Members of the Bluff Planning & Zoning Commission spent a large portion of the March 5 meeting reviewing legislative assignments and recent bills that could affect local land-use rules.

The commission opened with a review of the state's requirement to establish a process for unlisted business uses (statute referenced as 102507). Staff advised adding language to local ordinances so businesses that do not fit an existing use classification can be reviewed and appealed; the commission noted town council serves as the board of appeals for such cases.

Town manager Erin Nelson briefed the commission on a recent council ordinance (speed limits) and summarized several legislative topics commissioners requested. Commissioners discussed House Bill 48, which concerns Wildland-Urban Interface (WUI) mapping. Commissioners agreed mapping decisions rest with town council; once mapped, the building department may apply WUI standards to permit reviews. Marcia Hainfeld said the commission should wait for council direction before performing map reviews: ‘‘Town council has to decide where that is,’’ she said.

The commission also reviewed bills that offer optional tools and requirements for municipalities. Caitlin McLennan outlined House Bill 37 (multifamily density standards), which permits overlay zones and density incentives but otherwise applies to larger jurisdictions; commissioners concluded Bluff could opt in to selected provisions. Commissioners discussed Senate Bill 268 (first-home investment zones) as a potential mechanism to meet moderate-income housing goals if the town chooses to pursue that approach.

A large bill on development assurances and bonding (referred to in discussion as HB 368 or related local land-use amendments) prompted commissioners to ask staff to confirm whether Bluff’s subdivision code already addresses bond-release and warranty provisions or requires updates. Commissioners flagged the bill’s complexity and asked staff to verify existing code compliance.

On water resources and coordinated regional projects, commissioners noted that P&Z would not initiate water regulation but could be tasked with zoning or subdivision changes if town council or regional partners propose infrastructure projects that alter buildable capacity. Commissioners also discussed the regional active-transportation plan (Moab to Monument Valley trail) and concluded most project-level civil and right-of-way negotiations are DOT or property-owner issues; P&Z will respond to zoning impacts if design decisions affect local parcels.

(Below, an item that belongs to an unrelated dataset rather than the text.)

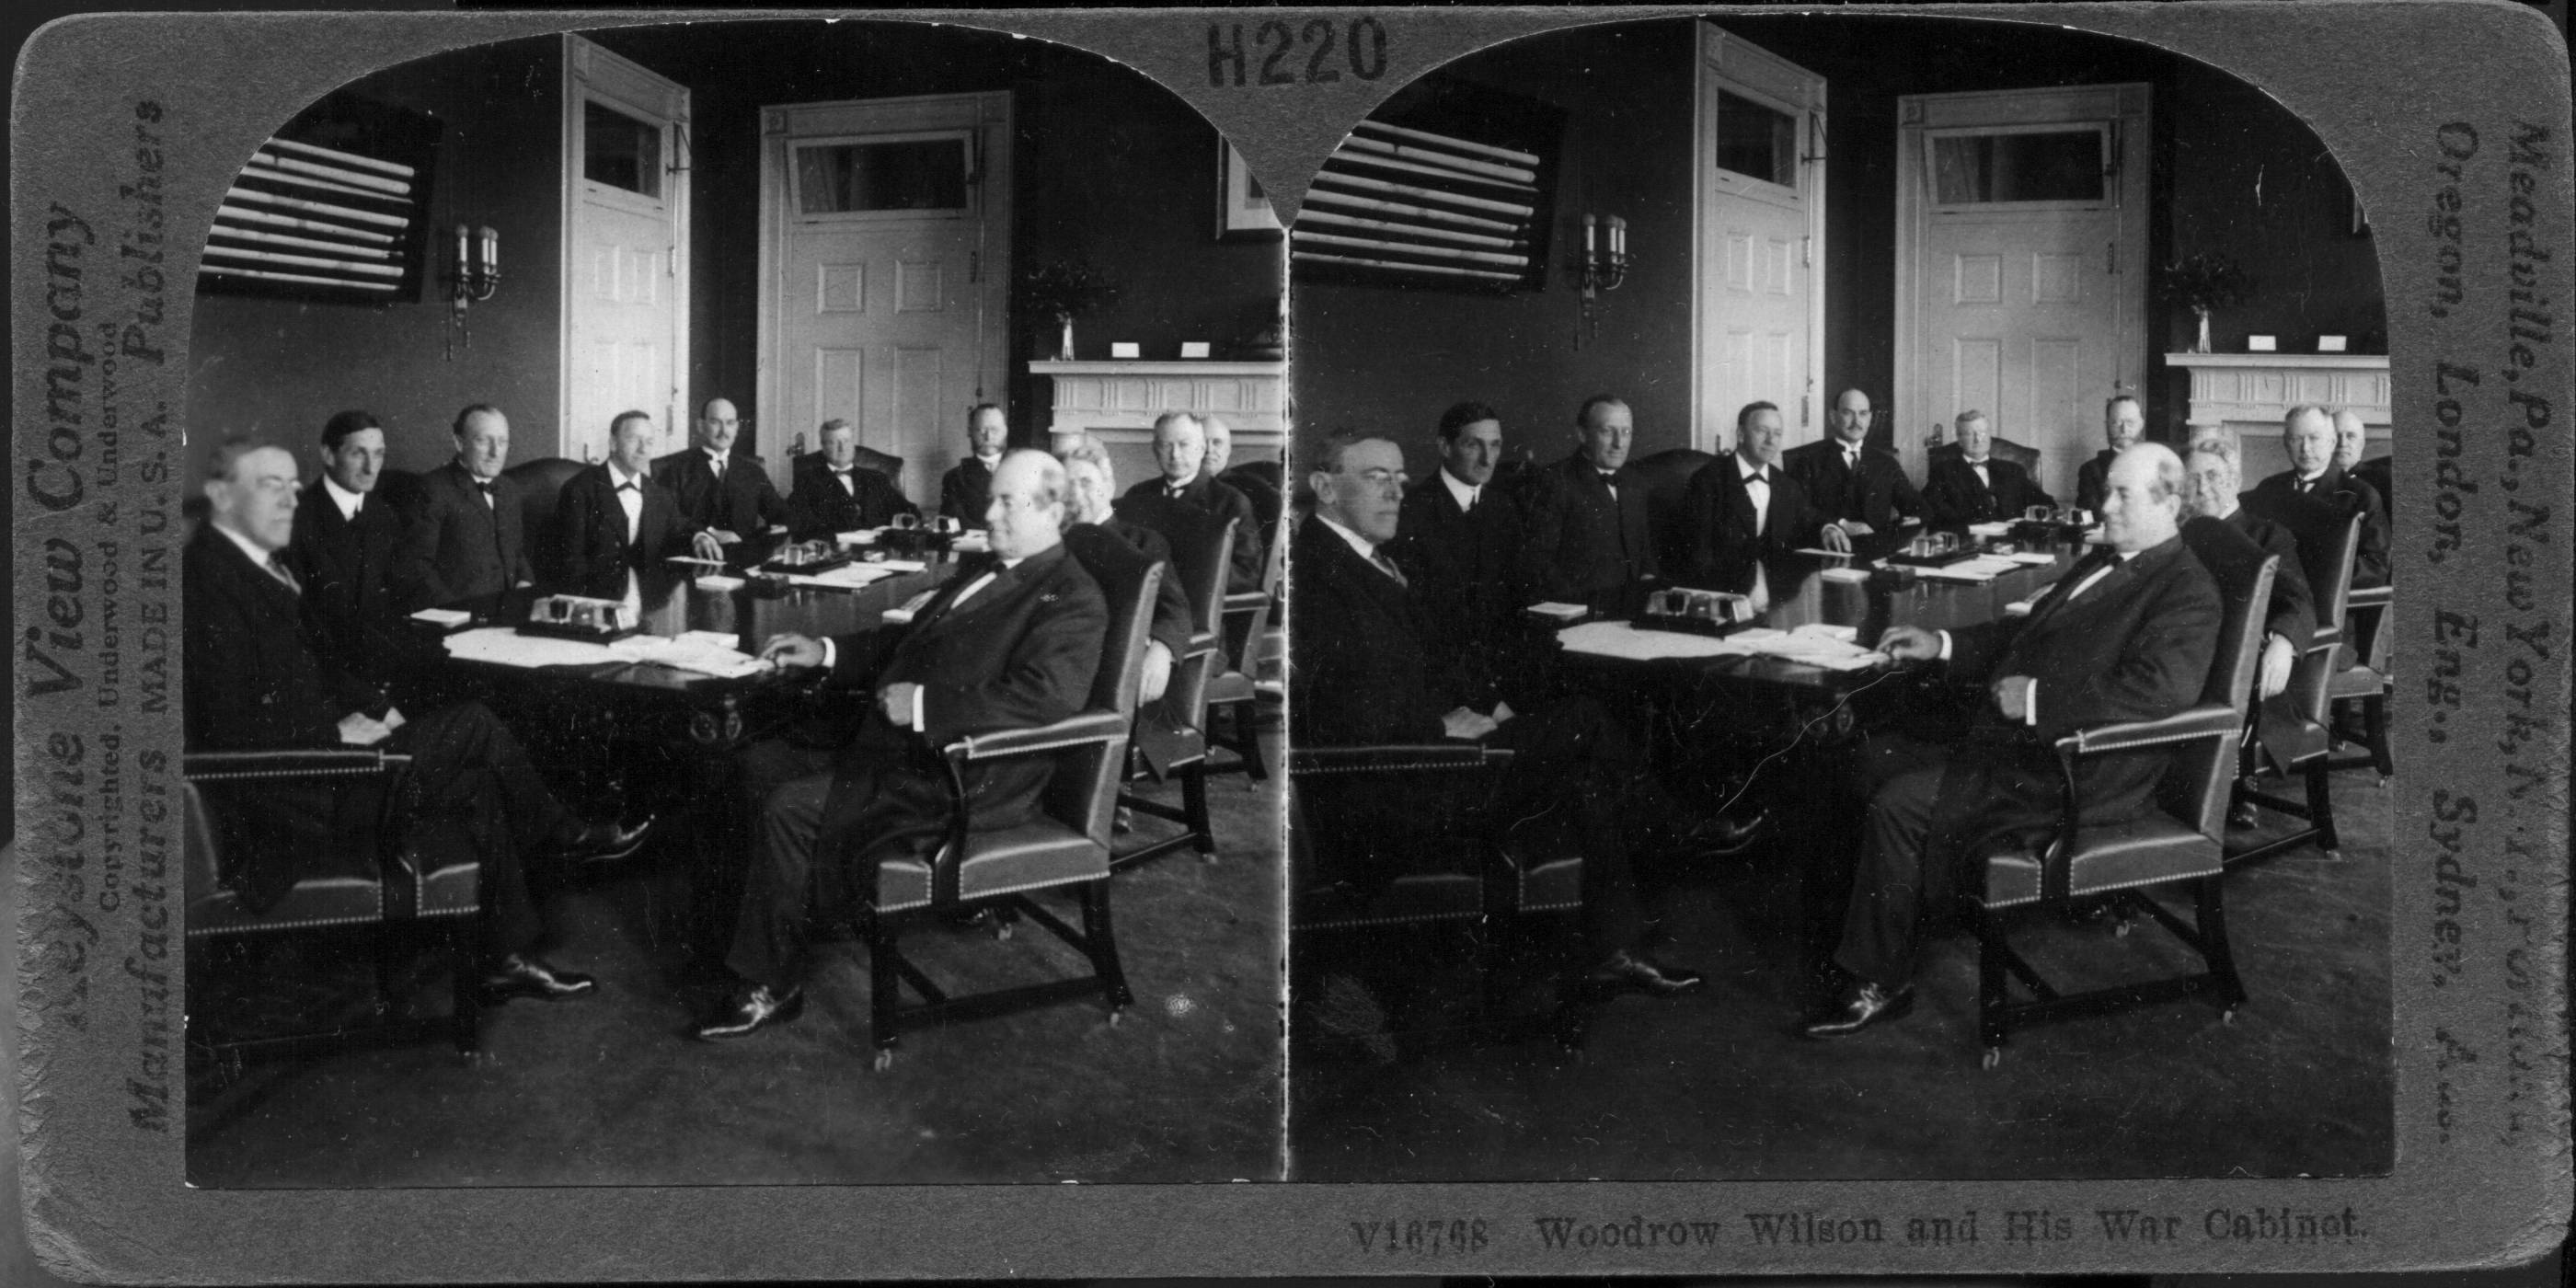 Woodrow Wilson and His War Cabinet

No formal motions or local ordinance changes were made during the meeting on these bills; commissioners asked staff to (1) review Bluff’s current subdivision and bond language for compliance with state changes, (2) wait for town council direction on WUI mapping before P&Z map work, and (3) report back on standout bills at the next meeting or after the Utah League wrap-up.

The commission also agreed to have staff present a concise legislative highlights briefing at a future meeting so commissioners could prioritize which statutory changes require local code updates.